In the meantime here's some consideration of the key points of the proposed reform (neatly put together by Victoria in a GSE reform cheat sheet).

A New Regulator: Washington loves a bureaucracy, and the proposed Federal Mortgage Insurance Corp. would provide one. Wait, wouldn't it replace the current regulator, the Federal Housing Finance Agency? No, the FHFA would continue as an autonomous unit inside the FMIC. My verdict? Bureaucracy bloat.

Industry analyst David Lykken, managing partner of Mortgage Banking Solutions in Austin, Texas, agrees with me. "It's another layer of bureaucracy. People will have to build [the cost of new bureaucracy] into their [home] price."

A New FDIC: FMIC is said to be modeled after the Federal Deposit Insurance Corp. That's probably a good thing, but old hands will remember another federal insurance agency, the Federal Savings and Loan Insurance Corp. The FSLIC became badly insolvent during the savings and loan crisis and was merged into FDIC.

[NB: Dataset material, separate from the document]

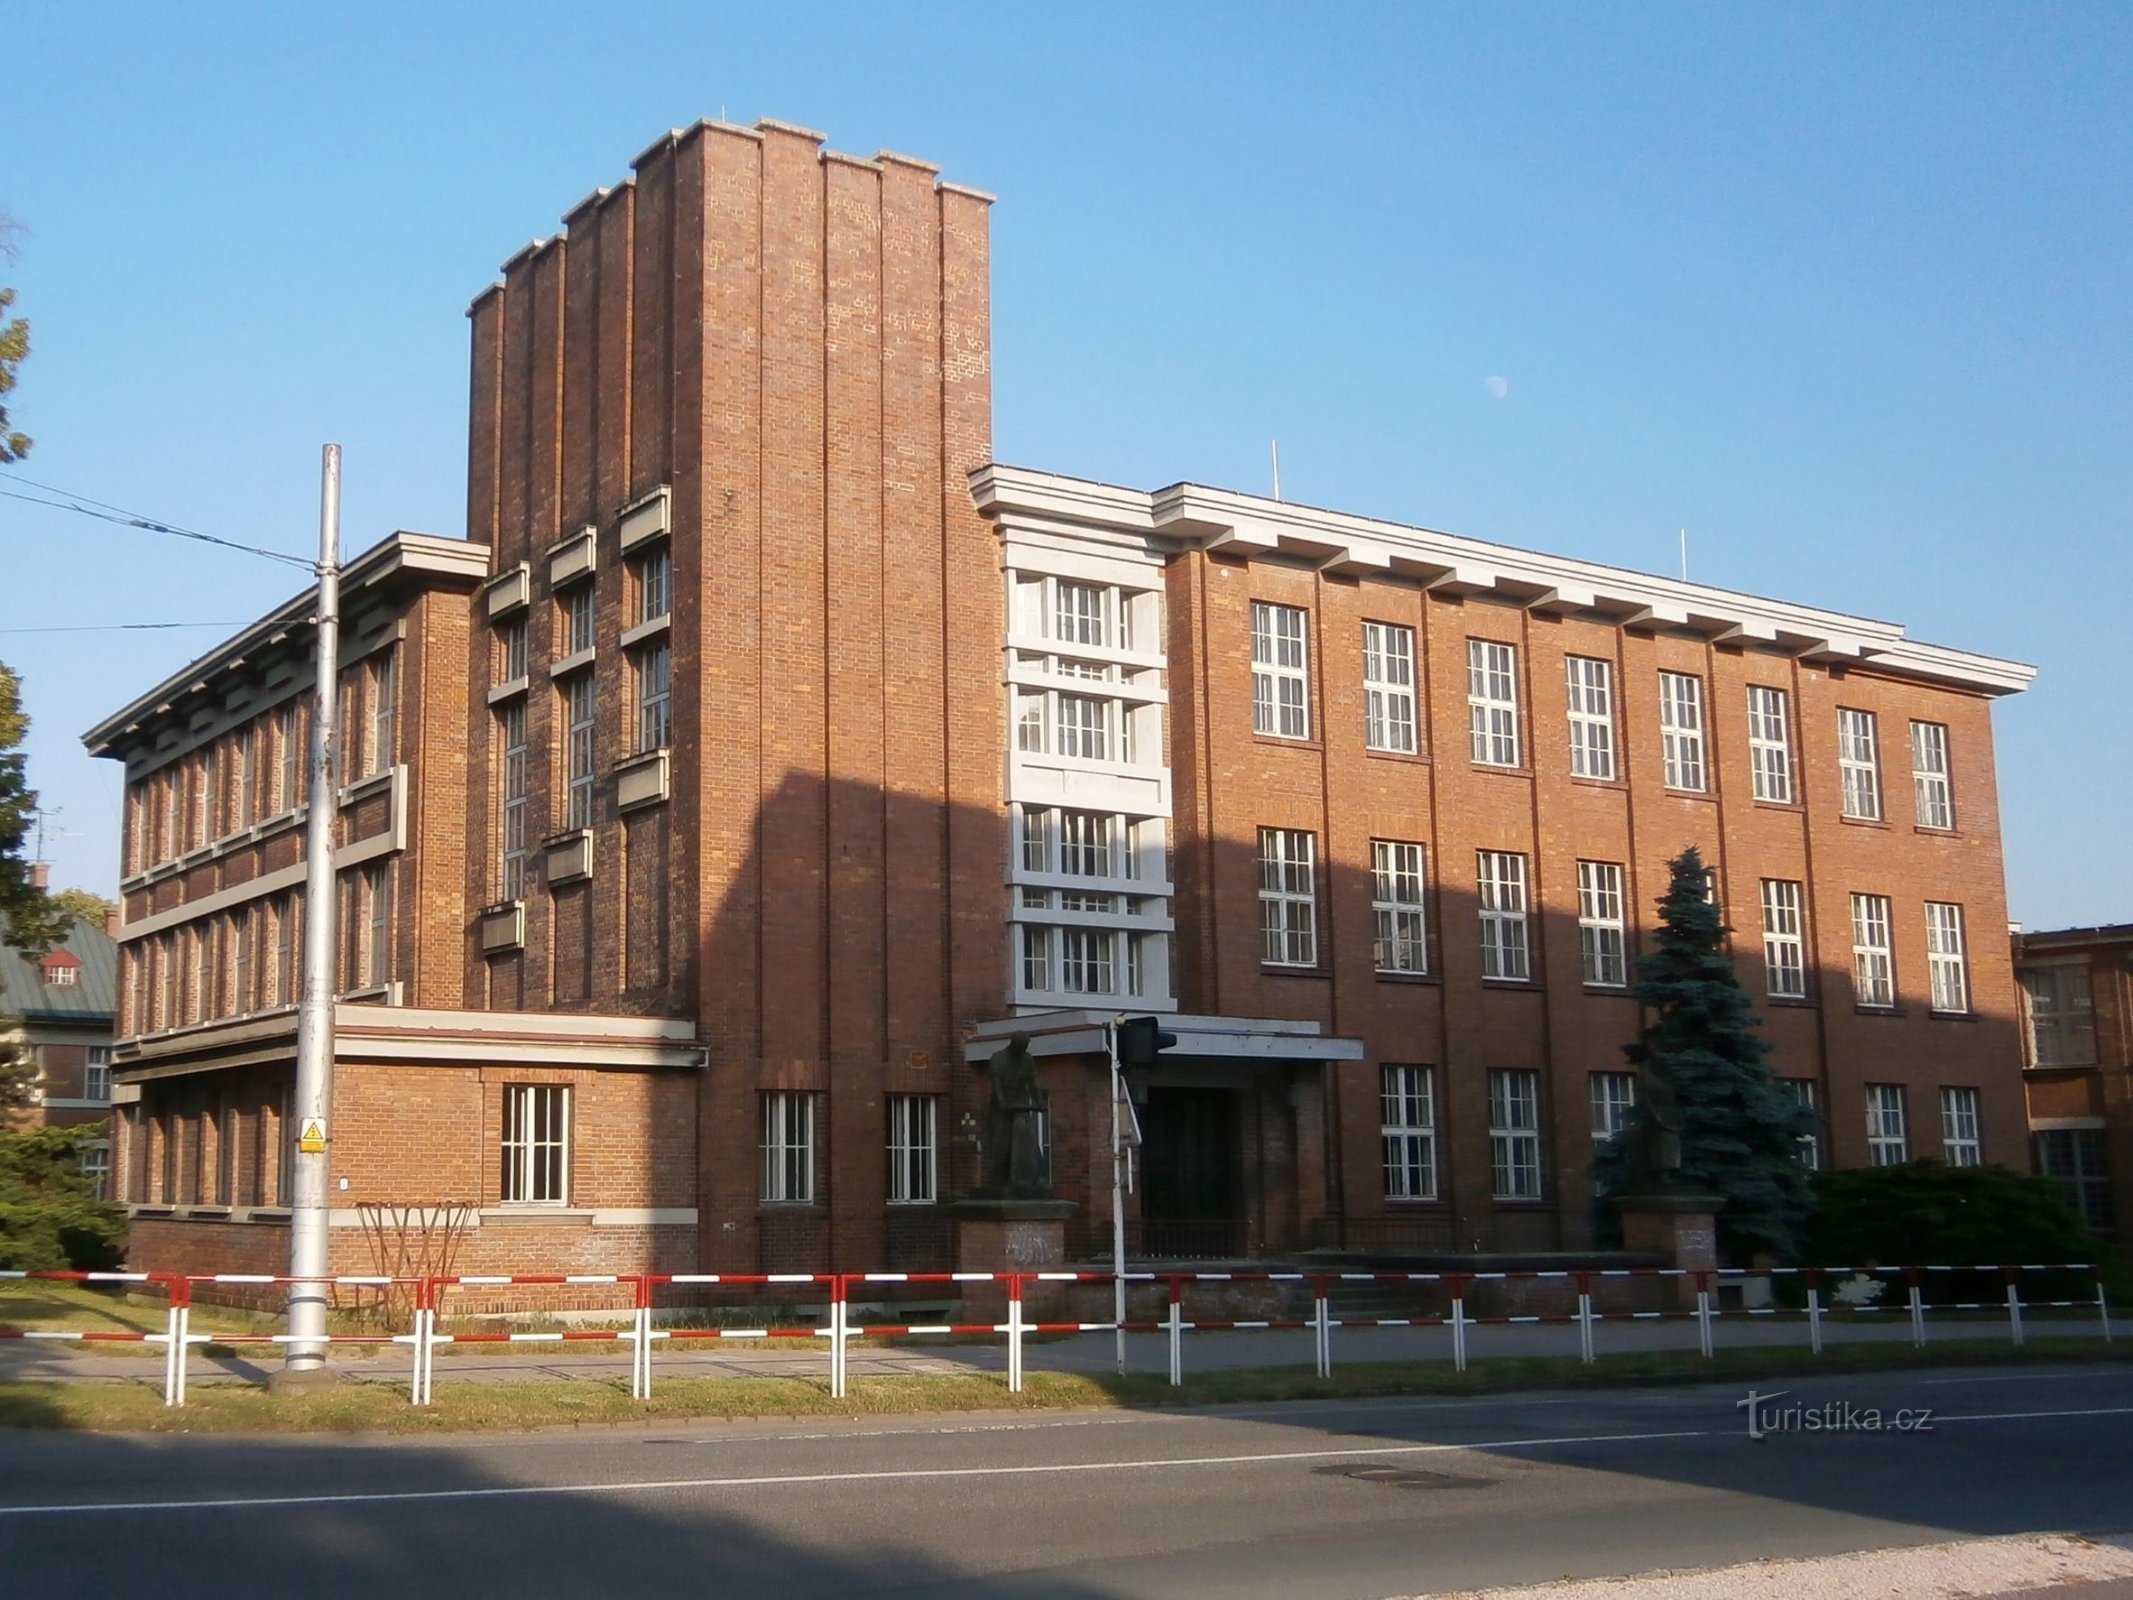 Ancienne école de tannerie (Hradec Králové, 19.6.2013)

Lykken also takes little comfort in a new federal backstop. "It creates a false sense of security" that allows firms to rationalize more risky behavior, he says.

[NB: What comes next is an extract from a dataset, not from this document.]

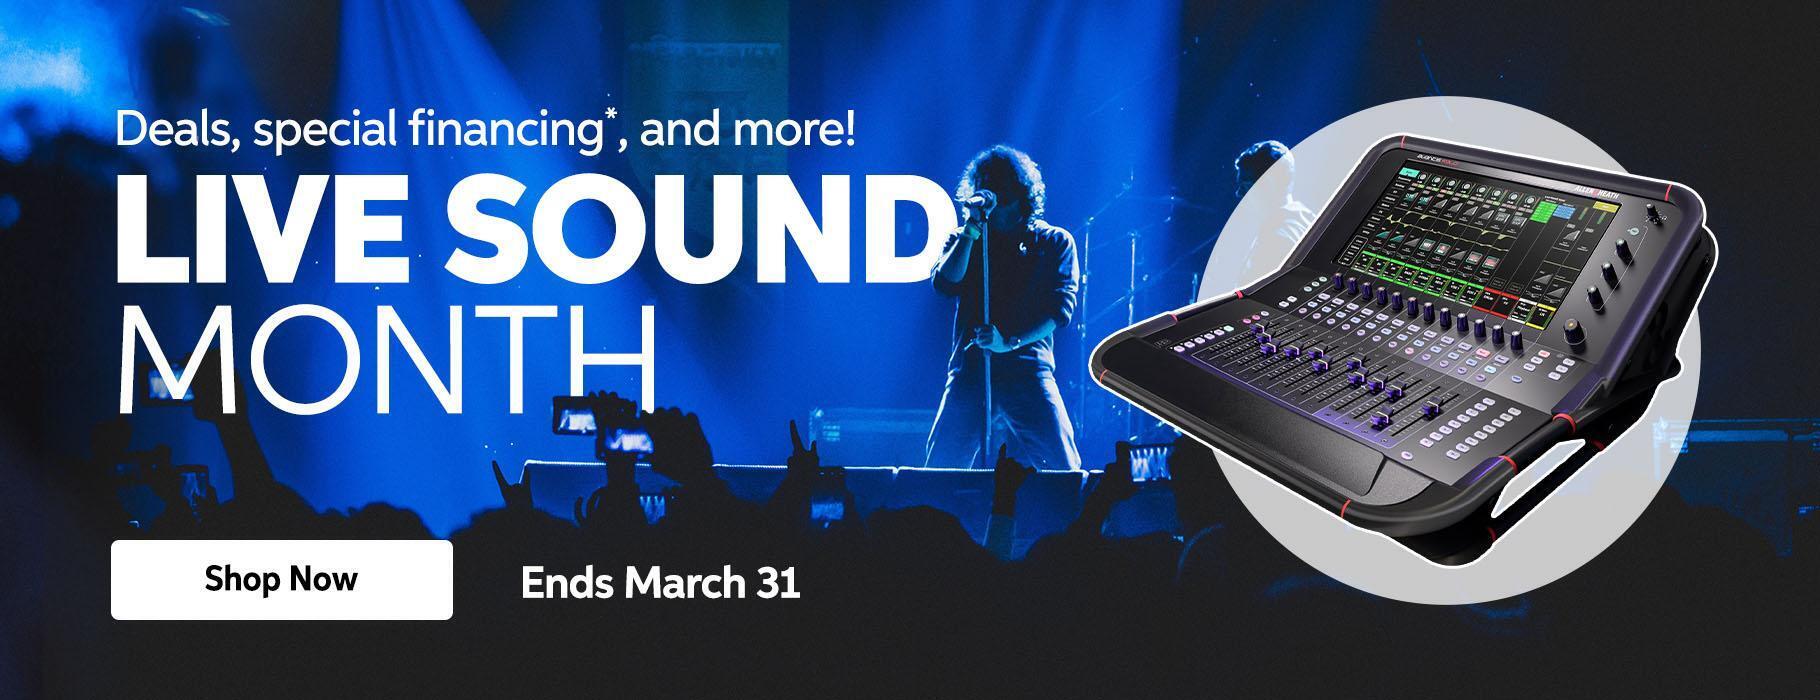 Live Sound Month, Now thru March 31

Taxpayers on the Hook: Who will pay if there is another catastrophic meltdown like the one in 2008? The federal government, i.e., taxpayers. Watch the private firms run for the hills if big trouble starts. Lykken: "The private sector gets the profits and the government is ultimately the backstop."

MBS Insurance: Private insurers will be on the hook for 10% of losses. Who will cover the rest? See the above bullet point.

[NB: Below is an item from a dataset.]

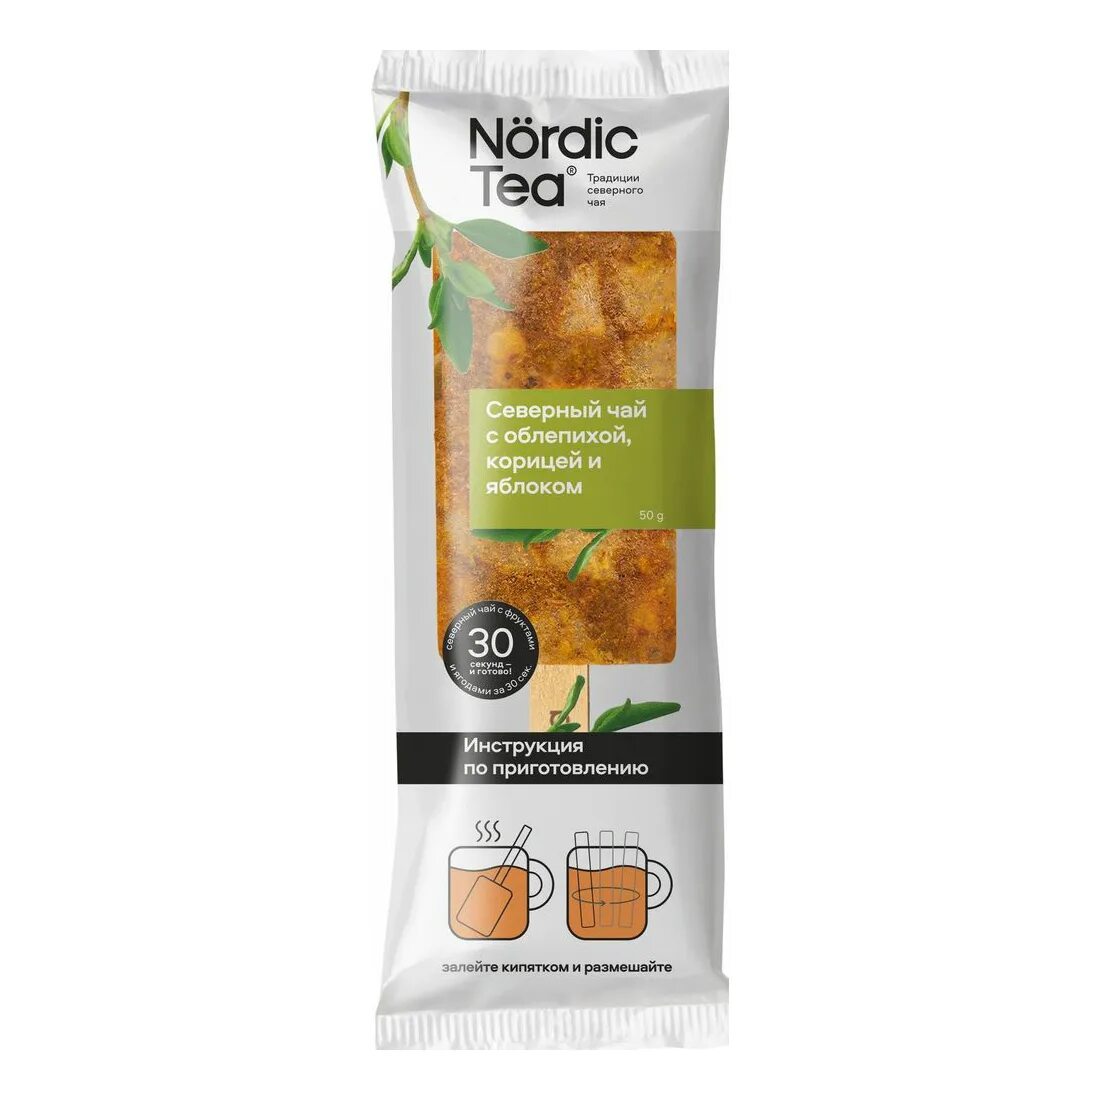 Nordic Tea облепиха. Nordic Tea замороженный чай. Nordic Tea чай заморозка. Чай замороженный на палочке Nordic Tea. Купить чай nordic

Lykken feels this part of the reform "needs to be re-worked. They need to spend more time on that," as well as on the industry's systemic problems, such as the Consumer Financial Protection Bureau’s “approaching regulation from a penalty viewpoint” instead of an attitude of “let’s reward good behavior.” He also thinks some smaller lenders “have an attitude of 'too small to comply,'" fearing the cost of compliance will run them out of business.

Co-operative Structures: It's probably a good idea for an MBS platform and a small lender mutual coop to provide a secondary market. There is plenty of precedent for this. The Federal Home Loan Bank System and the Farm Credit System are cooperatives (not to mention the credit unions).

The co-operative structure "has more merit than some other things" in the bill, Lykken says. “A shared risk environment is appropriate.”

Absence of Affordable Housing Standards: One of the key components of the current Freddie/Fannie structure is mandatory affordable housing goals. Why give this up? Who is government subsidy of the mortgage business supposed to benefit if not low- and moderate-income borrowers? A proposed Market Access Fund presumably will take up some of the slack, but affordable housing could well go by the wayside.

Lykken sees some short-term pain here but long term he is looking at a revival of a healthy market that will lift all boats, including affordable housing. “I think the bill is better than nothing. Dammit, do something!”

Tribal Housing Set-Aside: Good idea. $20 million a year is just a drop in the bucket against this enormous need.

Vertical Integration: Garth Graham, partner of the Stratmor Group in Fort Lauderdale, and a longtime mortgage banker, thinks passage of reform would be a boost to market liquidity but asks, "Is it too much in favor of big banks? I'm not sure."

Under the proposal, he notes, "if you have sufficient capital, you're able to be a guarantor and generate securities." This would give the big banks the capability to originate and service the loans and guarantee the securities—a soup-to-nuts arrangement that he notes they never wanted Fannie Mae to have the power to do.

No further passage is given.